Harbin Taiping International Airport  is the international airport serving Harbin, Heilongjiang Province. The airport handled 20,431,432 passengers in 2018, making it the 20th busiest airport in mainland China.

History
Harbin Taiping Airport, formerly known as Yanjiagang Airport, is located about  southwest of the city of Harbin and was constructed in 1979 with further expansion between 1994 and 1997 at a cost of $960 million RMB. It replaced the old Harbin Majiagou Airport (哈尔滨马家沟机场) that was originally built by the Japanese in 1931. In 1984, Taiping was upgraded to an international airport. Today it serves as an important transportation hub for the northeastern region of China and is the largest airport serving Heilongjiang province.
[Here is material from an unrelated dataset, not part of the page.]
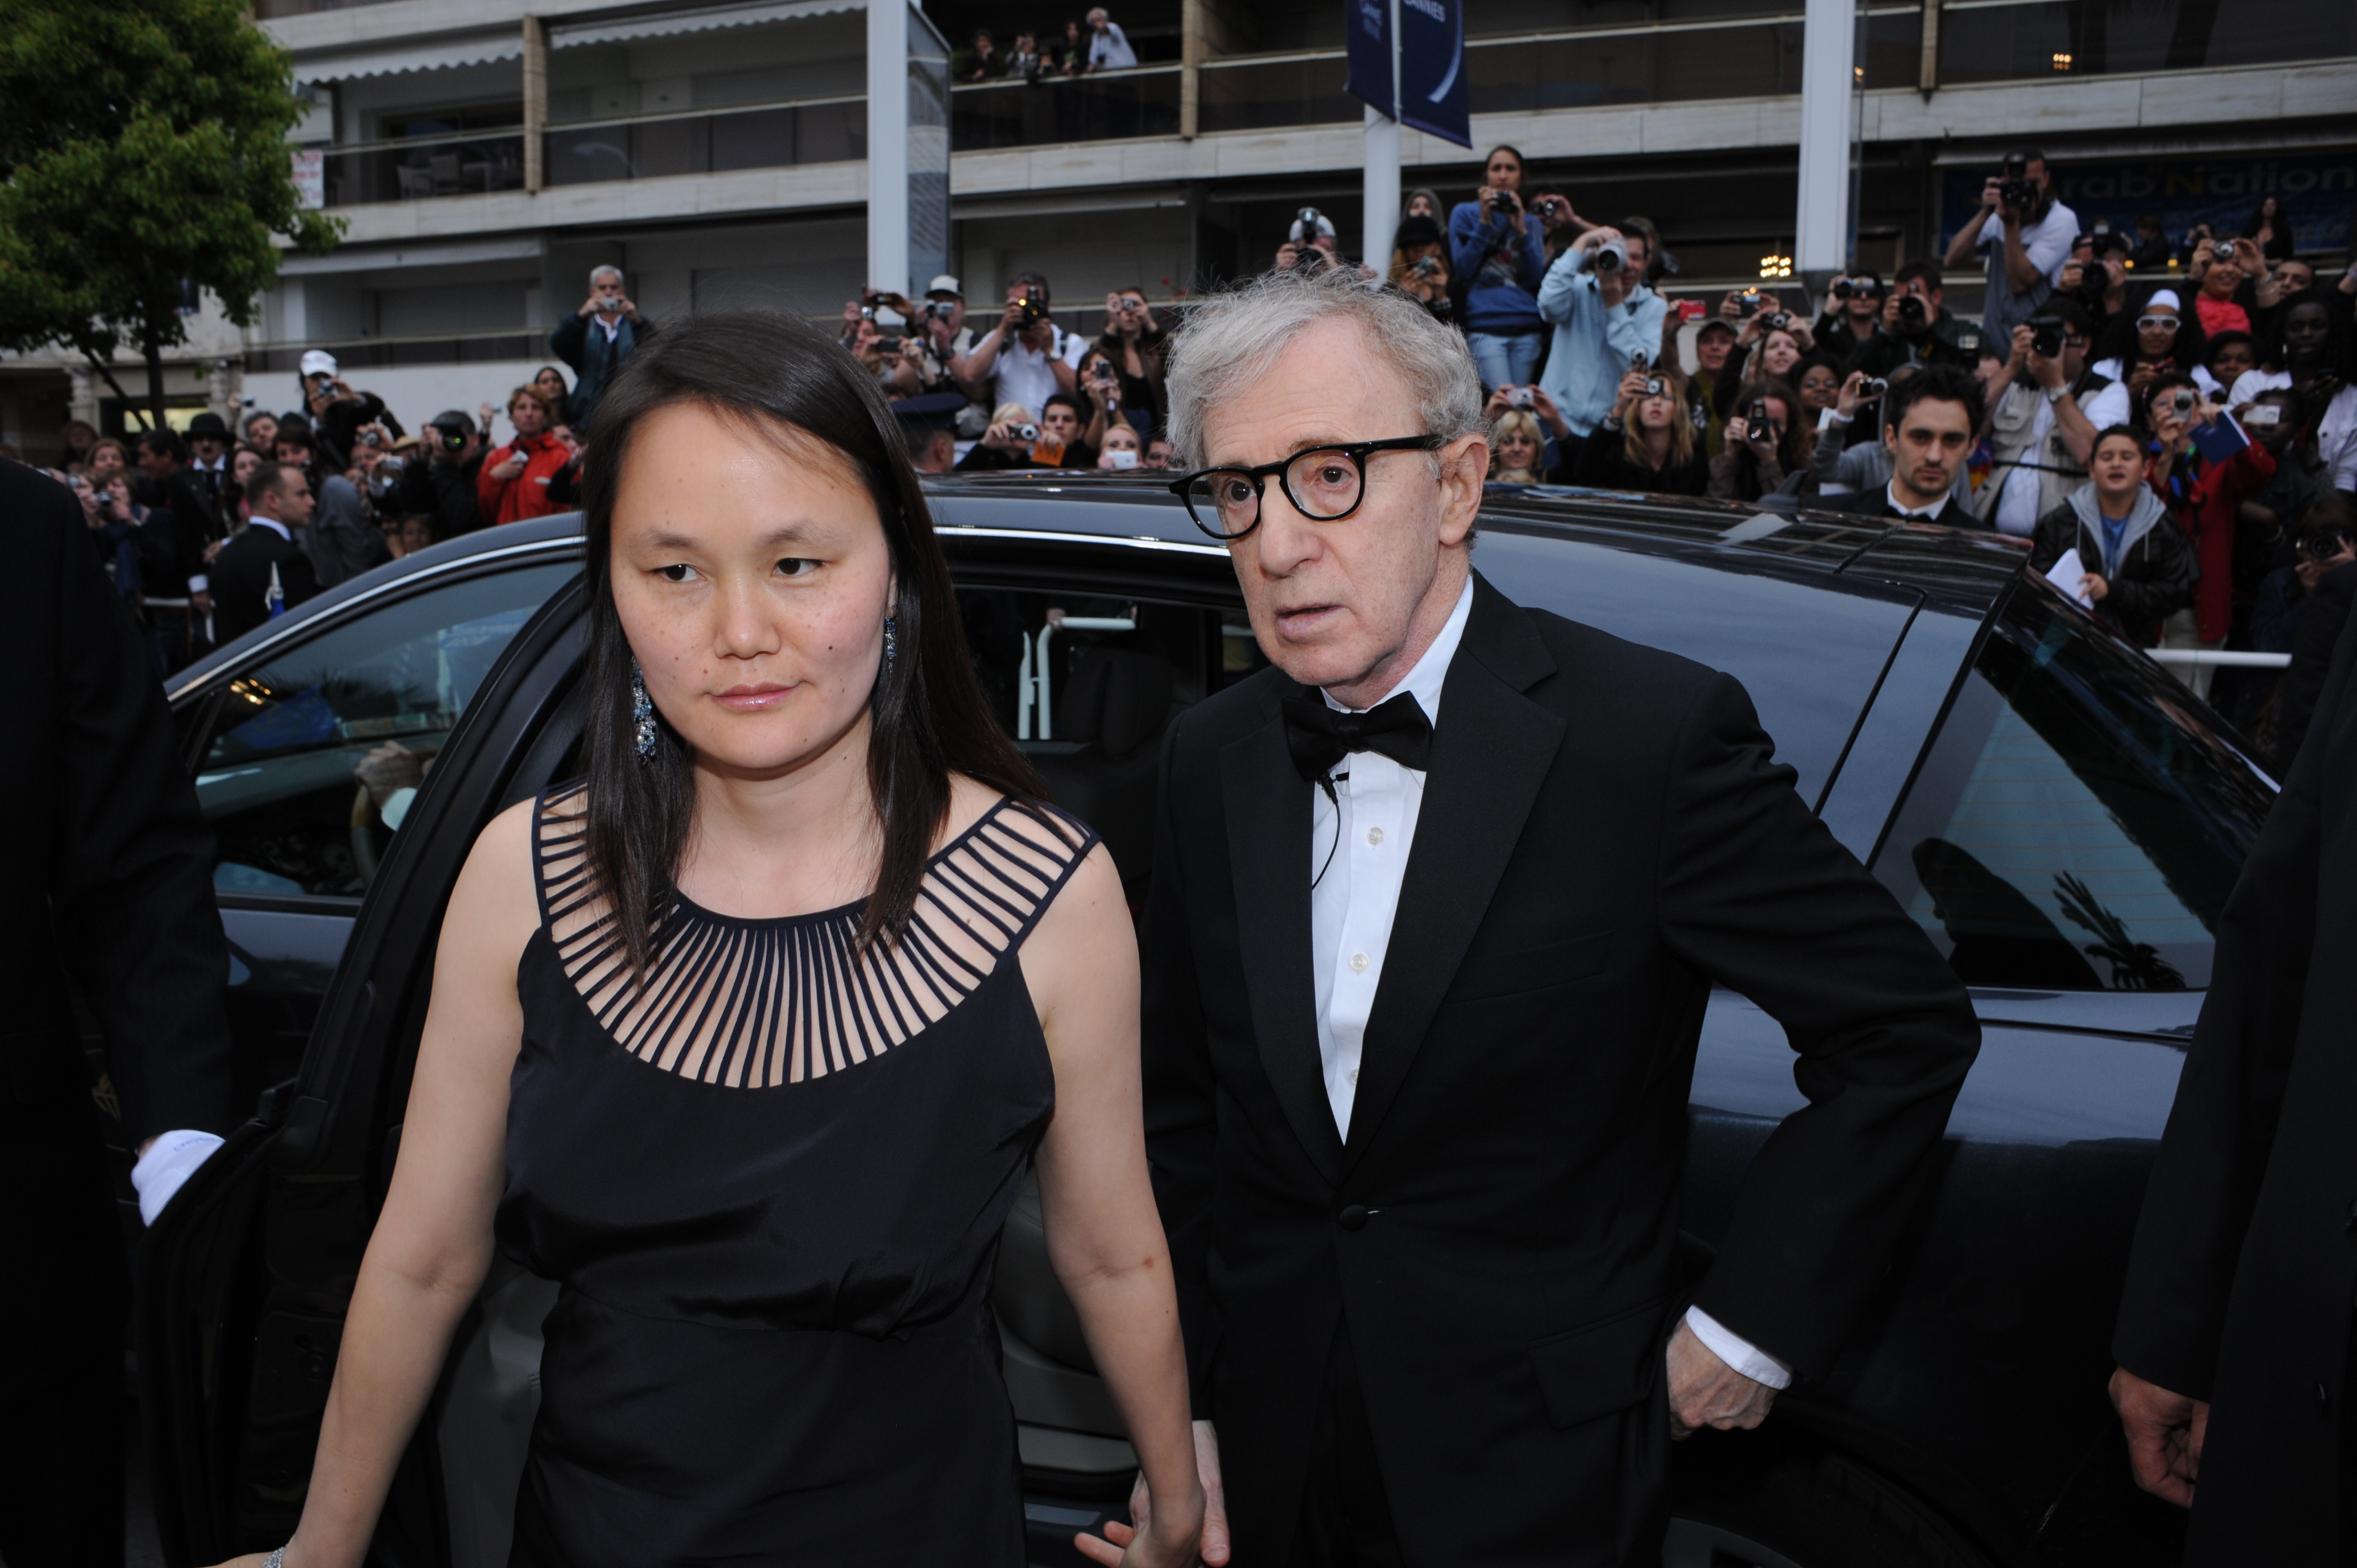 Le réalisateur Woody Allen et sa femme Soon-Yi Previn assistent à la première de "Vous allez rencontrer un bel et sombre inconnu" au Palais des Festivals lors du 63ème Festival de Cannes le 15 mai 2010 à Cannes, France. | Source : Getty Images
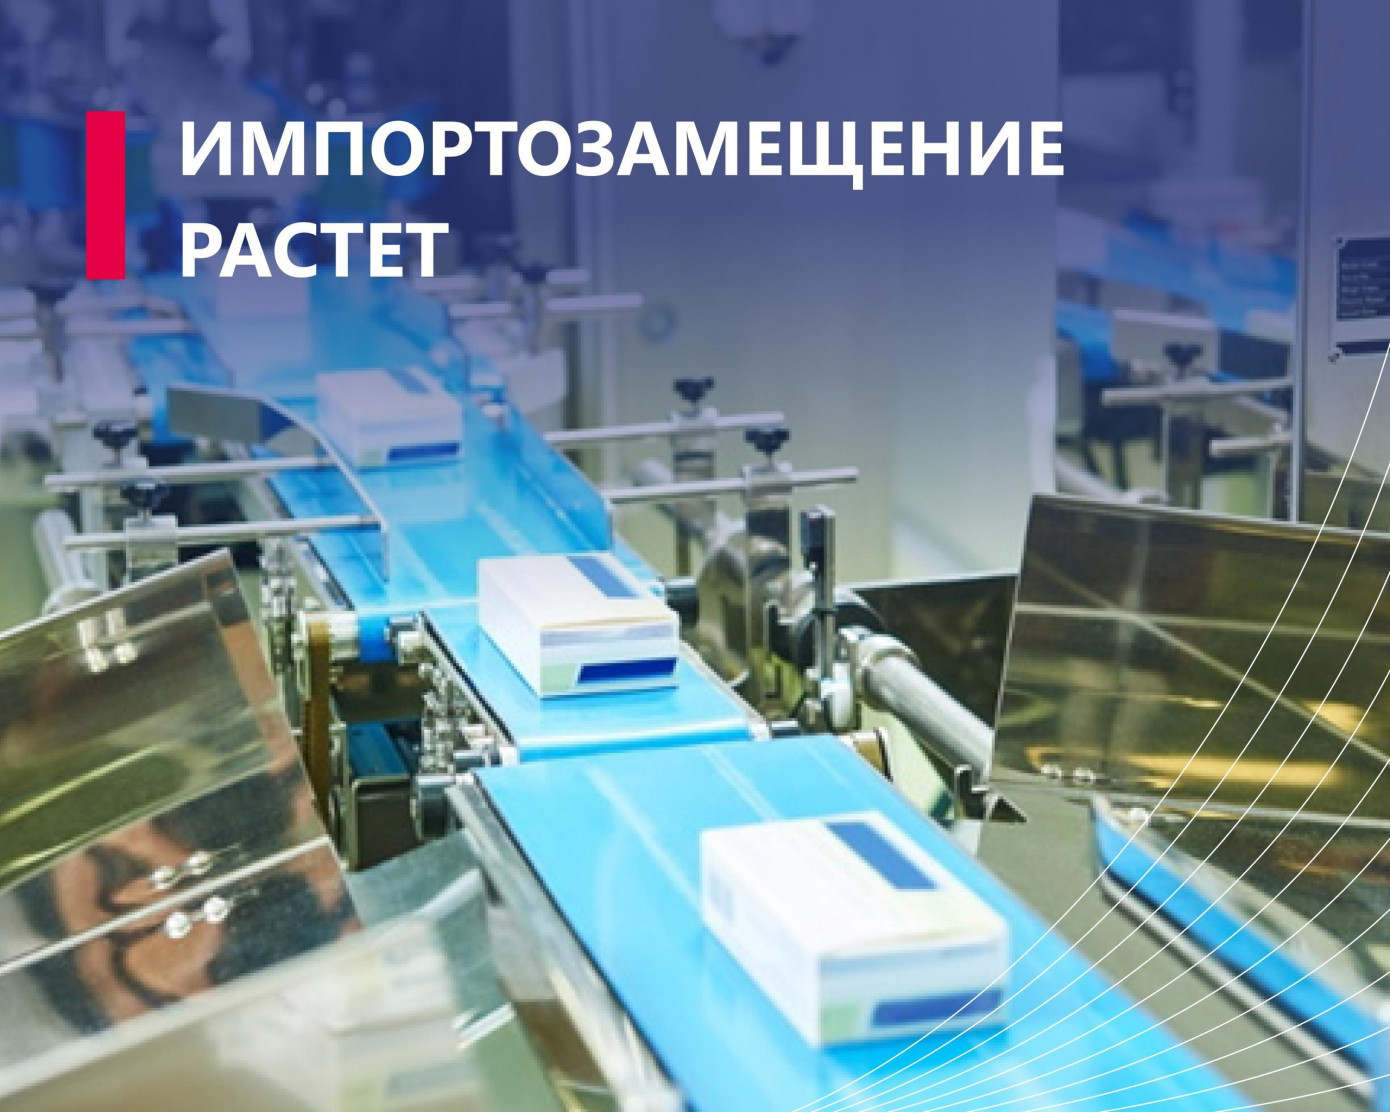 Компания «Премиум стандарт» завершила модернизацию производства упаковочной продукции

It is capable of handling 6 million passengers annually and has more than 70 air routes, both domestic and international. Currently it has one 3200 m asphalt runway.

By the flight of the Spring Airlines from June 2015, The first LCC international air routes to Nagoya, Japan began.

In 2013, Harbin Taiping International Airport handled 10 million passengers. It is the 23rd Chinese airport which reached the level of 10 million passengers per year.

In 2017, Harbin Taiping International Airport handled 18 million passengers, becoming the 21st busiest airport in Mainland China.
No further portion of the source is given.